Un médecin pourrait ne pas être à l’aise avec chacune de ces réponses. Il se pourrait qu’un médecin se sente mal à l’aise auprès d’un patient. Les médecins doivent être conscients de leur inconfort et reconnaître qu’il pourrait avoir une incidence négative sur les décisions qu’ils prennent.
Est-ce qu’un médecin peut, sur le plan éthique, refuser de traiter un patient après l’avoir rencontré une fois? Le médecin a la responsabilité fiduciaire de prodiguer des soins au patient et ne peut refuser d’offrir des soins en raison de ses opinions.

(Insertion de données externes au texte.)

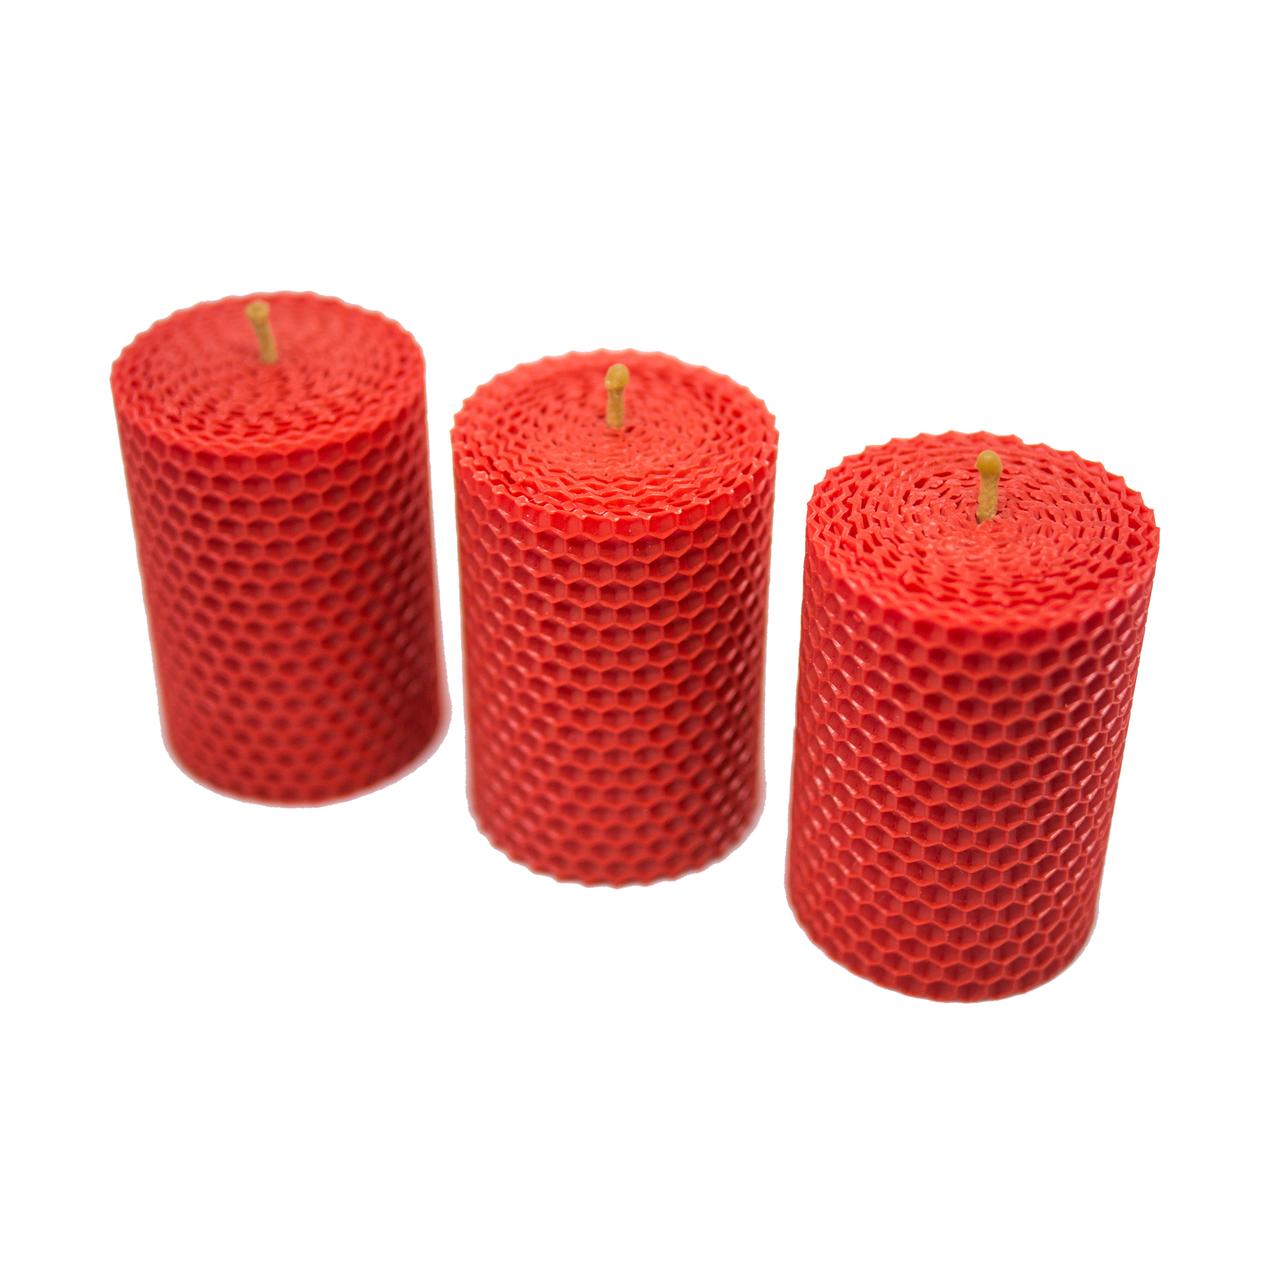 Червона свічка з вощини 8,5*6 см

S’il refuse d’offrir des soins parce qu’il manque d’expérience et d’expertise, les solutions suivantes peuvent être envisagées :
- Apprentissage autonome. « Je ferai des recherches. »
- Consultation pour obtenir de l’aide sur la façon de prodiguer les soins. « Je parlerai avec des experts. » Le module sur la communication avec les adolescents aborde ce processus en détail.

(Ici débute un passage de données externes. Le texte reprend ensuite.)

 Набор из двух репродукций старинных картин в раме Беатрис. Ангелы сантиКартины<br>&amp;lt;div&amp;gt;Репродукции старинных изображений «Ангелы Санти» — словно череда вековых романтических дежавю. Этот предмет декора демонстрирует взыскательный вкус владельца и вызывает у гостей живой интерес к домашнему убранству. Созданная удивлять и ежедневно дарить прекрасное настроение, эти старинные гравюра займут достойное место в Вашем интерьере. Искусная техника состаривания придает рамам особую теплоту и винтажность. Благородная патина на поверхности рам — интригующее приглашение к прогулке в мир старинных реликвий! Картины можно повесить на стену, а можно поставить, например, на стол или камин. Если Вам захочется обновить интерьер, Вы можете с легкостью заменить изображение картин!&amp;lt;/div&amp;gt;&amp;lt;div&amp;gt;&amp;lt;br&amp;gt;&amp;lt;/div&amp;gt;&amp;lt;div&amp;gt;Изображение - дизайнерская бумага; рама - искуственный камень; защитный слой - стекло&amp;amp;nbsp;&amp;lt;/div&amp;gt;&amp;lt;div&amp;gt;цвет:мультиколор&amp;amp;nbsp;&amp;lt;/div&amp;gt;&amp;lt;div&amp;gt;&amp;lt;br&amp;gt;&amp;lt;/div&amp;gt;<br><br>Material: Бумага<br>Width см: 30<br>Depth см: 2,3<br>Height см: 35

- Consultation et demande de transfert des soins.
- Il est nécessaire de demander les dossiers antérieurs, mais cela ne devrait pas retarder indûment les soins prodigués au patient.

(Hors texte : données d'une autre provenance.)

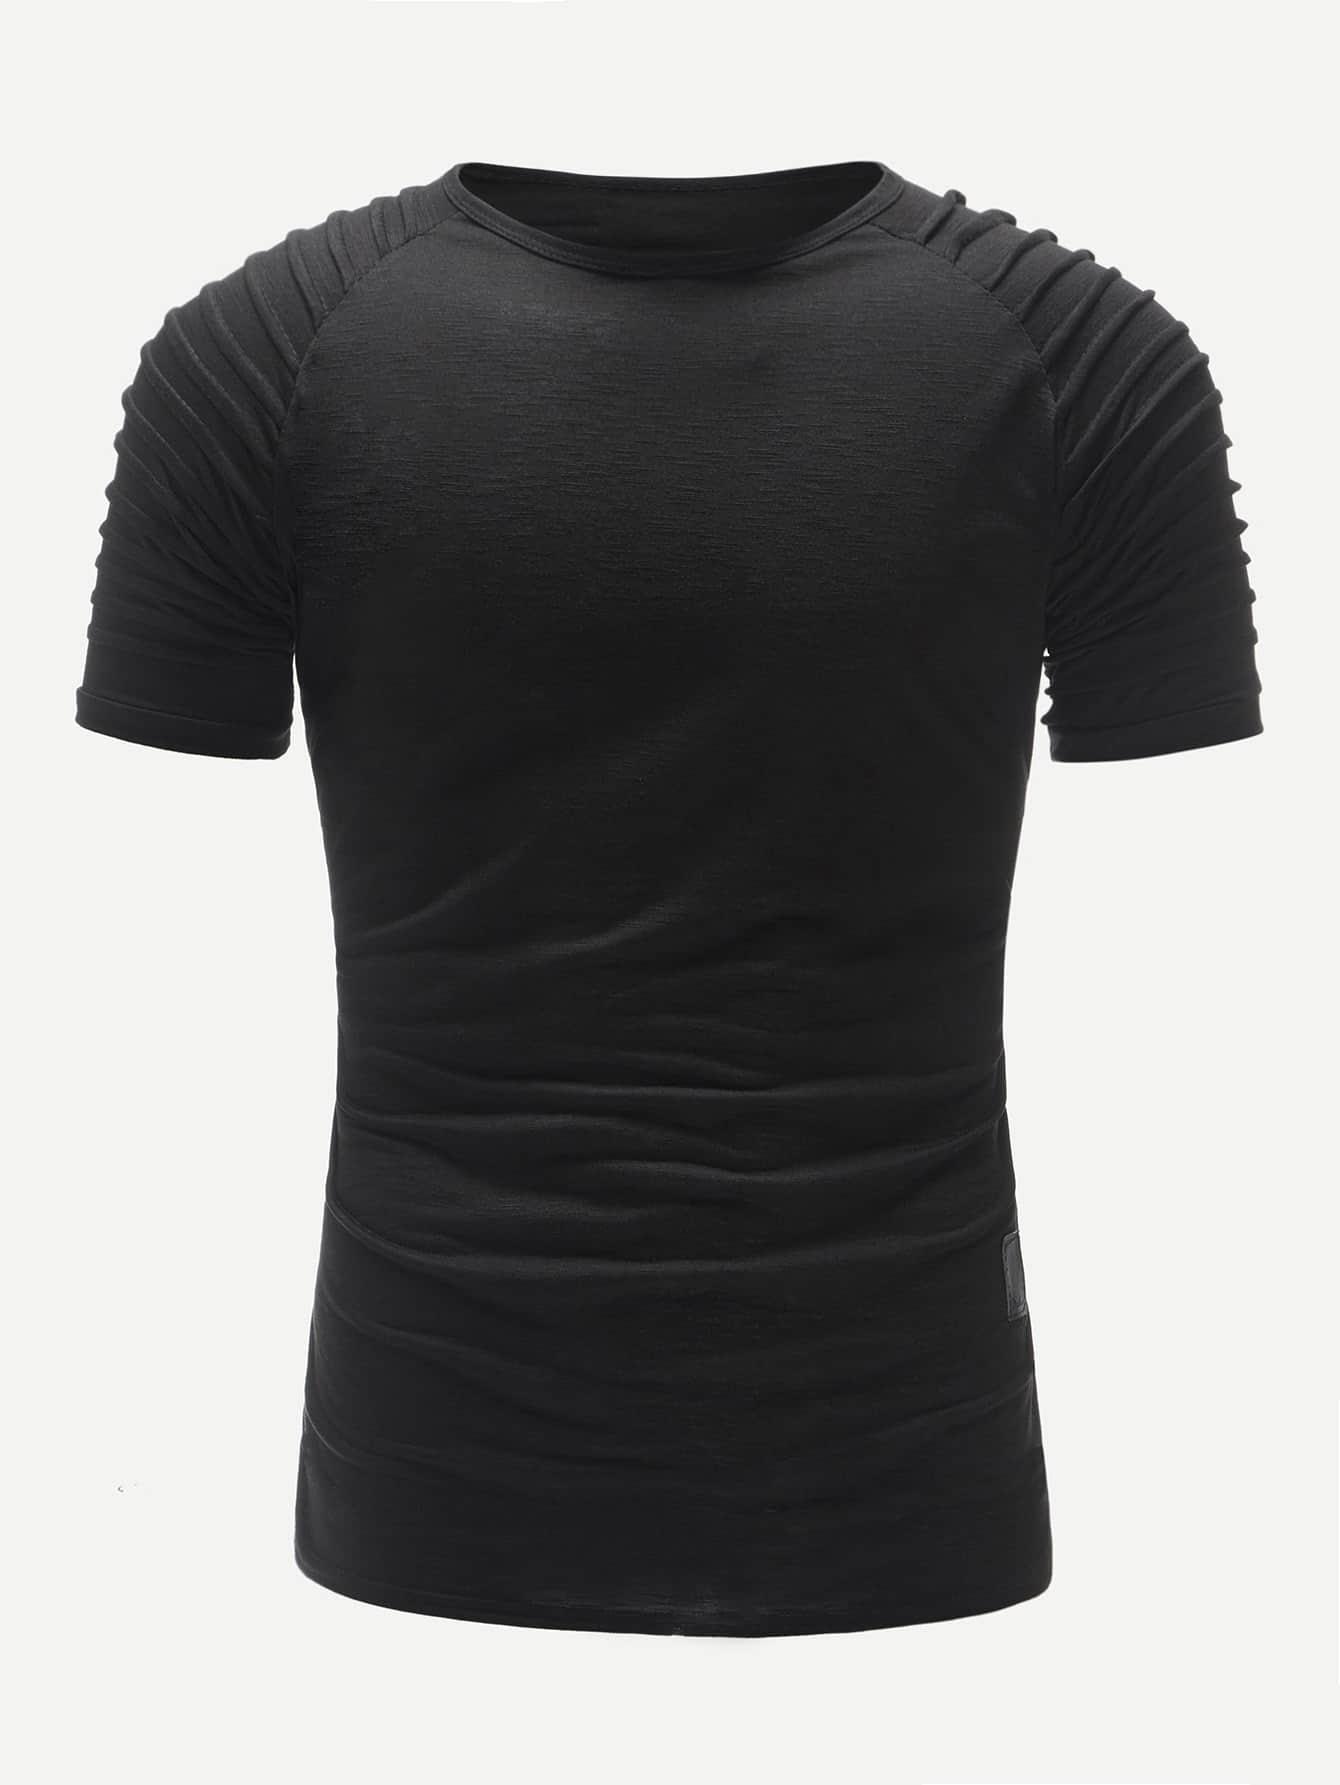 Купить Мужская однотонная футболка с рукавом-регланом, null, SheIn

Les médecins peuvent consulter un certain nombre de ressources afin de devenir éduqués et informés et d’être en mesure de prodiguer adéquatement des soins de santé aux personnes transgenres. Parmi les sources, mentionnons la série sur la santé des transgenres publiée dans The Lancet. On peut également lire l’article suivant : « Serving transgender people: clinical care considerations and service delivery models in transgender health ».
Dans certaines situations, des médecins pourraient considérer qu’ils sont incapables de prodiguer des soins à des patients en raison de valeurs morales ou éthiques incompatibles. Les ordres des médecins et les tribunaux ont indiqué clairement que le fait de refuser de soigner des patients « en raison, notamment, de son âge, son sexe, son état civil, son état de santé, son origine nationale ou ethnique, son incapacité physique ou mentale, son affiliation politique, sa race, sa religion, son orientation sexuelle ou sa situation socioéconomique » constitue de la discrimination. (L’Association canadienne de protection médicale). On encourage les médecins à passer en revue les politiques de l’ACPM. Dans de tels cas, le médecin doit offrir les soins nécessaires ou aiguiller le patient vers un autre médecin.
Il existe seulement un nombre limité de situations dans lesquelles la décision d’un médecin de ne pas fournir de soins en raison de ses croyances culturelles, religieuses, morales ou personnelles peut être justifiée, comme un avortement ou l’aide médicale à mourir. Pour de telles situations, les « Collèges ont adopté des lignes directrices […] qui précisent généralement que les médecins […] doivent fournir [aux patients] suffisamment de renseignements et de ressources pour leur permettre de faire un choix éclairé et d’avoir accès à d’autres options de soins ou, encore, les diriger efficacement vers un autre médecin ou d’autres ressources. » (L’Association canadienne de protection médicale).